Simulation of UAV based Search and Rescue Scenario with ns-3

Drones enable a significant enhancement in Search and Rescue (SAR) operations. Drones are a potentially life-saving tool in SAR operations, providing critical support to SAR teams to reduce risk to humans, enable quicker search and provide aerial support during adverse weather conditions[1].

Search and Rescue

‍Search and rescue (SAR) is a subset of public safety operations and involves activities revolving around finding missing people. It generally comes under the purview of the fire department in most countries[2].

Advantages of Drones for SAR

‍Search and rescue operations are fairly difficult and unpredictable, unlike other public safety operations. These two factors play an important role in the overall outcome of a SAR mission[2]:

Time: In most SAR missions, the missing person is trapped in a life-threatening situation, where the person has less time. So it becomes important for rescuers to find the person at the earliest.
Terrain: SAR missions outside human establishments can face challenging terrain in the form of a snowy mountain, rainforest, etc. which might slow the entire operation.
‍

Here are some of the reasons highlighted in[2] why SAR teams, all over the world, are using drones to overcome challenges in their work:

Drones are fast: Compared to ground-based vehicles, drones can reach a location a lot faster; even reach inaccessible places. For example, in the Czech Republic, there is an agency called the Mountain Rescue Service of the Czech Republic that uses drones to find missing people trapped by an avalanche.
Situational awareness: Drones provide cheap, fast access to aerial data of a large area. This allows responders to map the entire search zone and pinpoint possible places where the missing person might be trapped.
Detect and identify: Drones can carry different sensors that can be used for identifying ground objects. In the next section, we will discuss in detail how these sensors are used.
Communication: A drone, carrying a loudspeaker, can repeatedly broadcast a message making the missing person aware that people are looking for him/her.

Simulation of Drones-based Search and Rescue(SAR) Scenario with ns-3 and NetSimylyzer.

Things Needed:

Preferably a good Linux Variant OS
ns-3 Simulator,
NetAnimator 2D Visualization tool,
NetSimylyzer add-on module for ns-3
NetSimulyzer 3D Visualization Tool,
A suitable Mobility Model
A suitable Traffic Model
3D models of Drones
3D model of a suitable landscape.

Installing Necessary Software

Step 1: Installing Linux Variant OS

If you are planning to install a suitable Linux Operating system Under VirtualBox, then you may need to install VirtualBox First,

You may install VirtualBox and a suitable version of Linux by doing a procedure as the one explained in the following article[3].
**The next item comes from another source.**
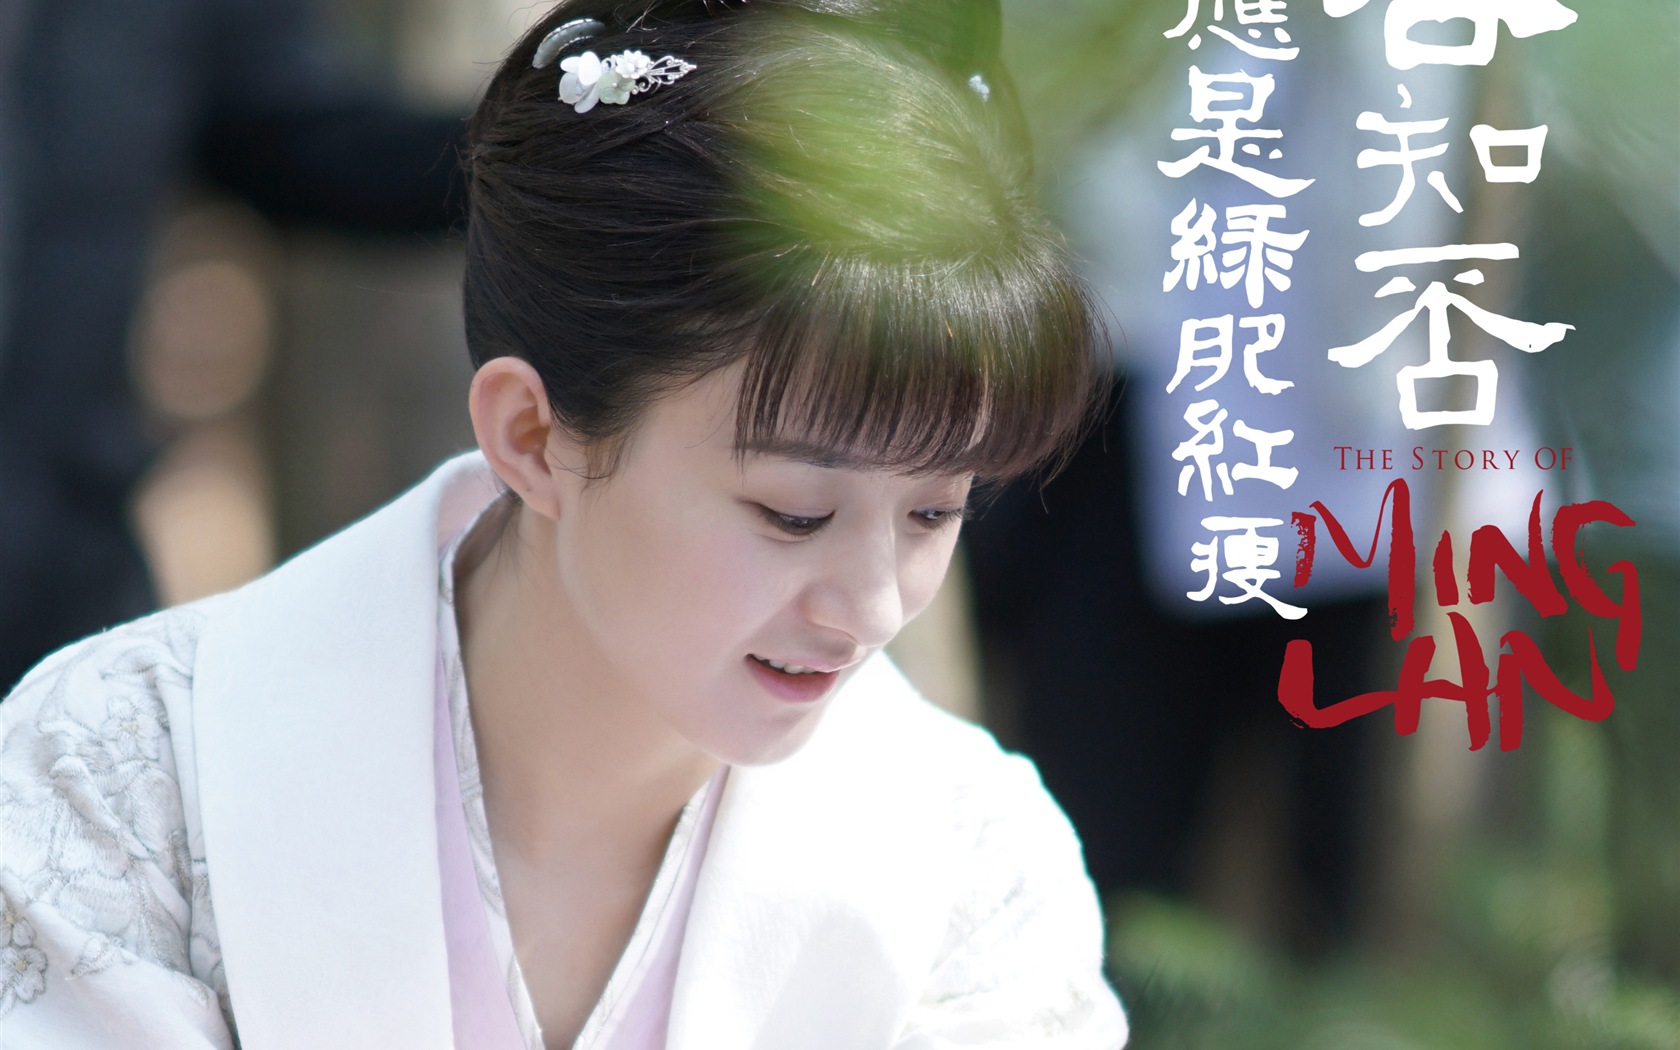 The Story Of MingLan, TV series HD wallpapers #27 - 1680x1050

Installing an old Linux under VirtualBox and using Shared Folders.

Step 2: Installing a Suitable Version of ns-3

You may install a suitable version of ns-3 by following the article[4].

Cmake based ns-3.37 install in Debian 11 chroot Environment

Step 3: Installing NetSimulyzer Add-on Module in ns-3

You may install a suitable version of NetSimulyzer Add-on Module in ns-3 by following the article[5].

Installing NetSimulyzer 3D Visualization Module with ns-3.37

Step 4: Installing NetSimulyzer 3D Visualization Tool

You may install a suitable version of NetSimulyzer 3D Visualization Tool by following the article[6].

Installing NetSimulyzer 3D Visualization Tool under Debian 11

Step 5: Simulating a Basic 3D UAV/Drone Scenario by following an Example

You may construct a ns-3 simulation and set up the 3D components of the simulation as explained in the article[7] and construct the UAV-based Search and Rescue (SAR) scenario.

Using Gauss-Markov 3D Mobility Model Under ns-3 for Simulating Unmanned Aerial Vehicle (UAV), Aerial Ad-hoc Network (AANET) and Flying Ad-hoc Network (FANET)

From the following article[8], you may understand the way of using a 3D landscape (here the buildings) in a 3D network simulation :

Testing the New Semi Random Circular Mobility Model of ns-3.

Step 6: Implementing the Actual Search and Rescue (SAR) Scenario.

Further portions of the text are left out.